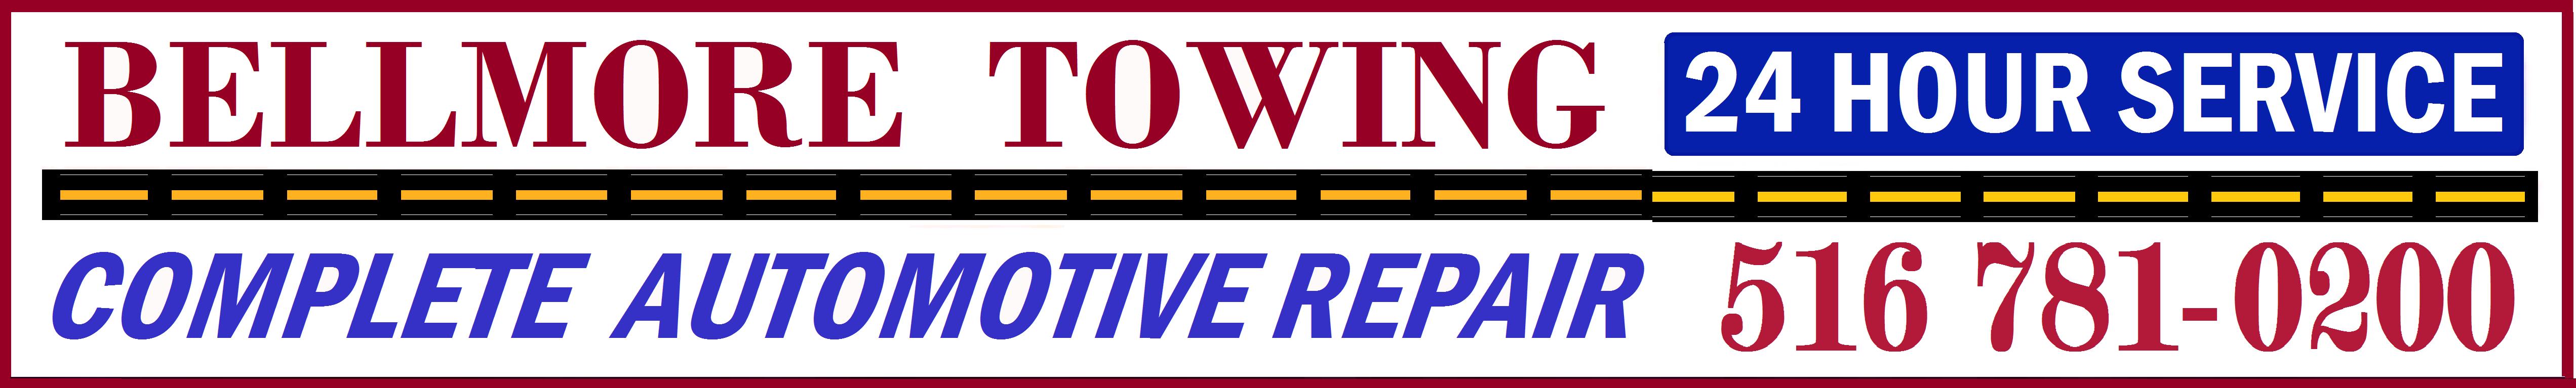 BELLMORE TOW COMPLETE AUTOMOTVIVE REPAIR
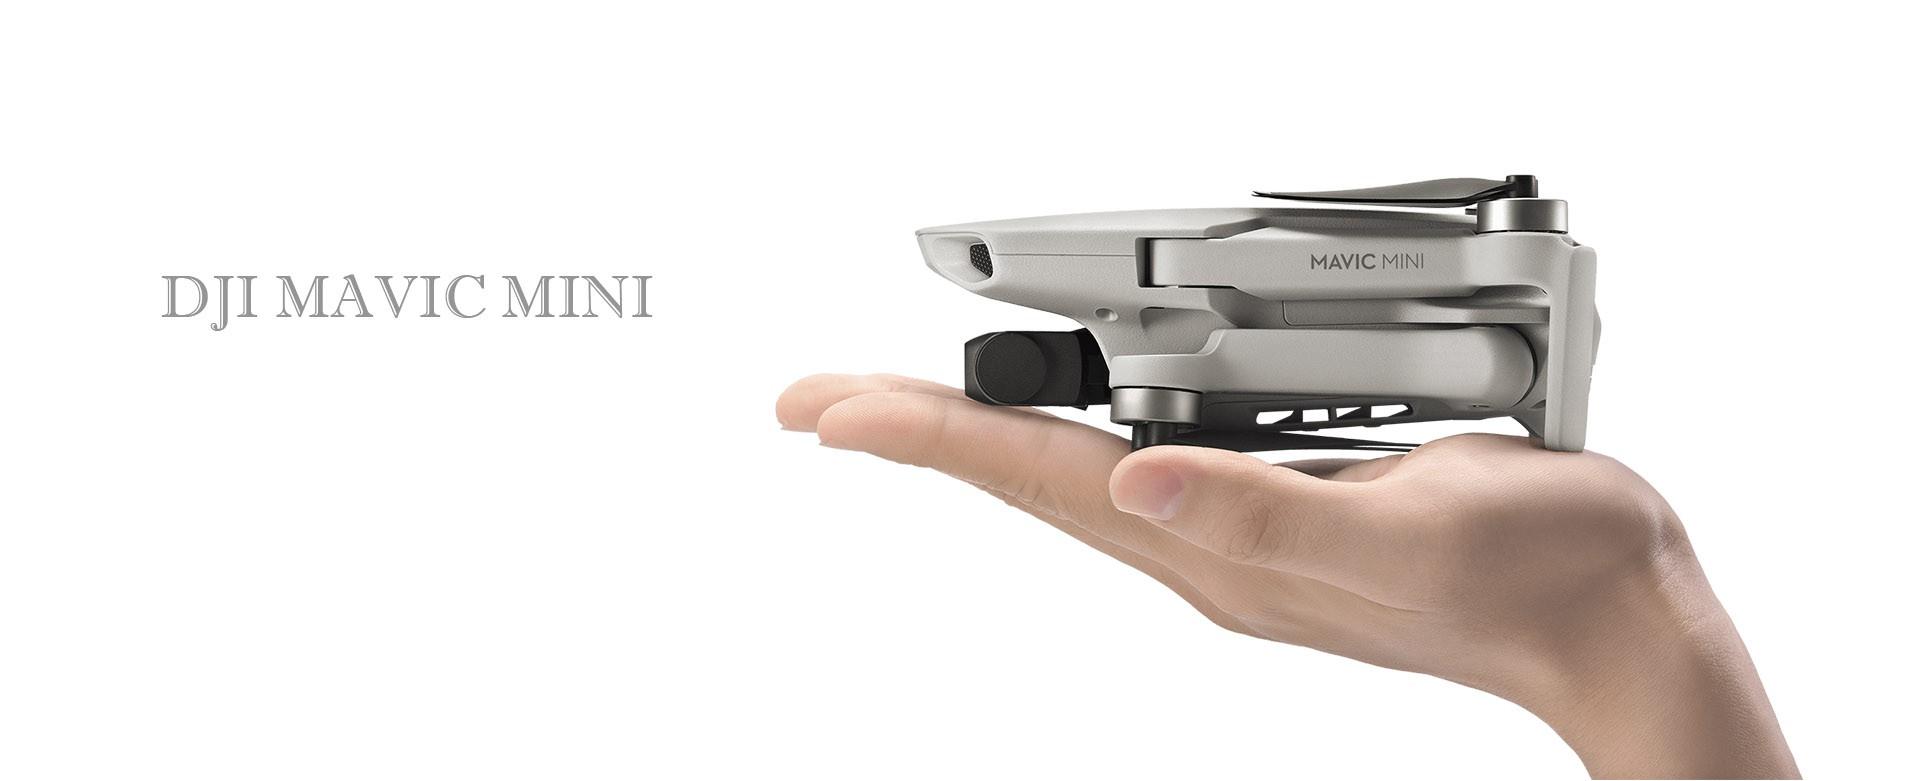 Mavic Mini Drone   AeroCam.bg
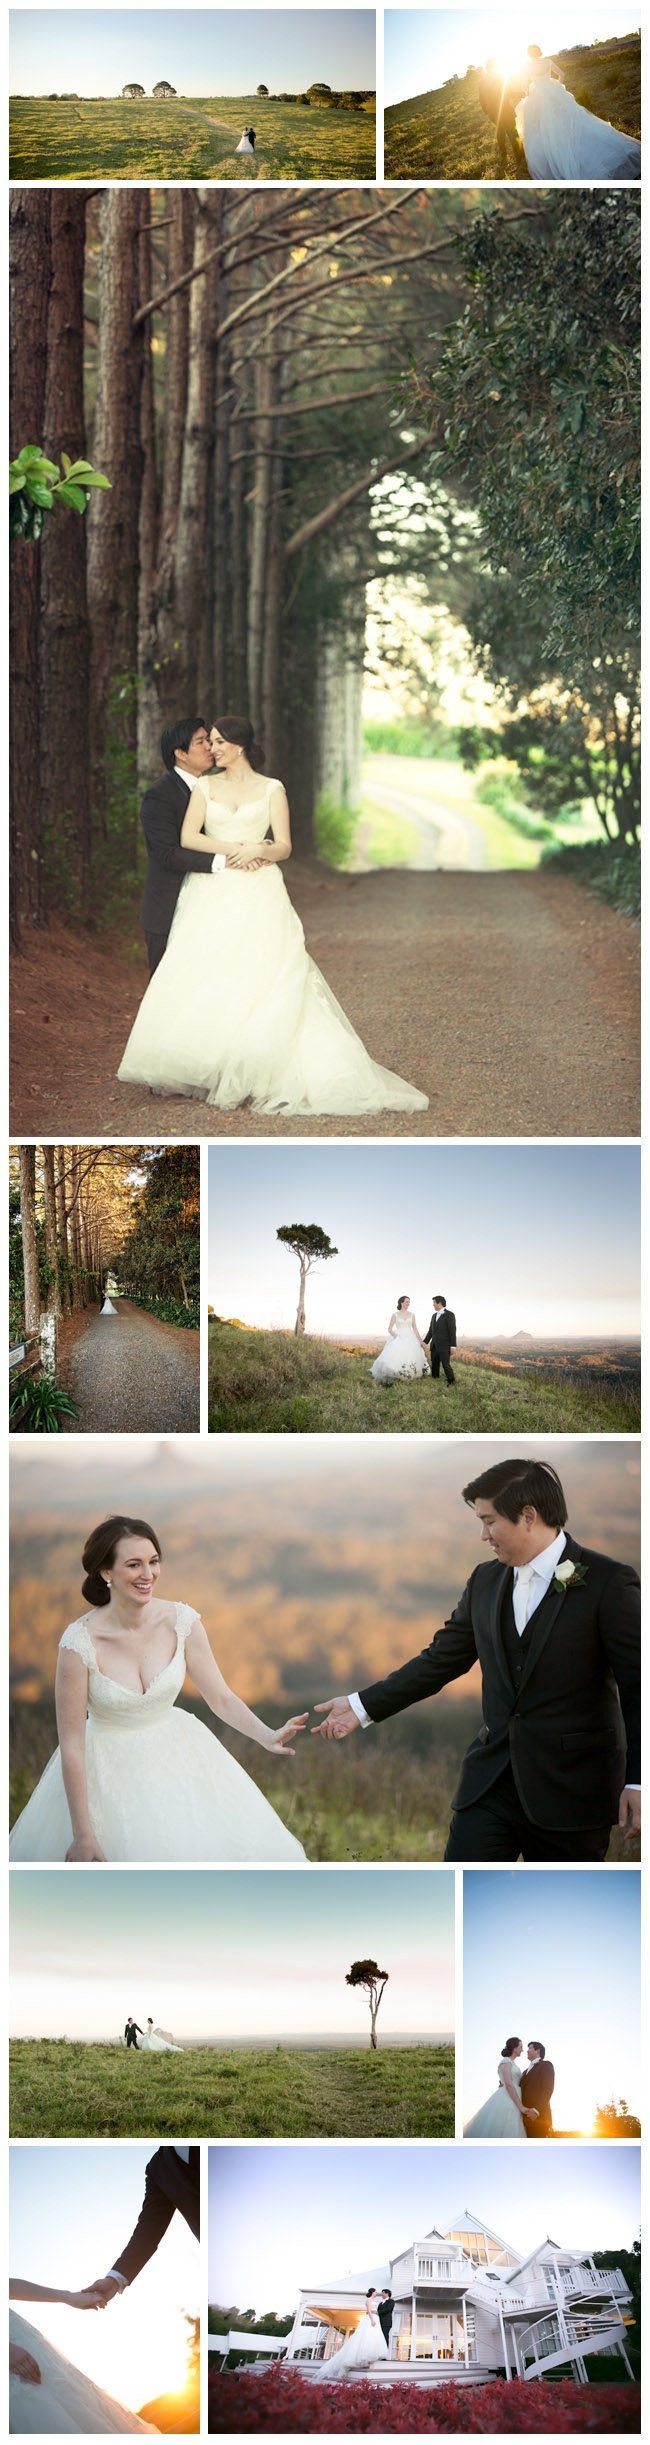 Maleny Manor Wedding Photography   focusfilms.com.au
..........
Work task>
Starting at the line that contains "Mavic Mini Drone", retype every line through the end of the material exactly as written, including both end lines but no pictures.

Solution to this exercise>
 Mavic Mini Drone   AeroCam.bg
 Maleny Manor Wedding Photography   focusfilms.com.au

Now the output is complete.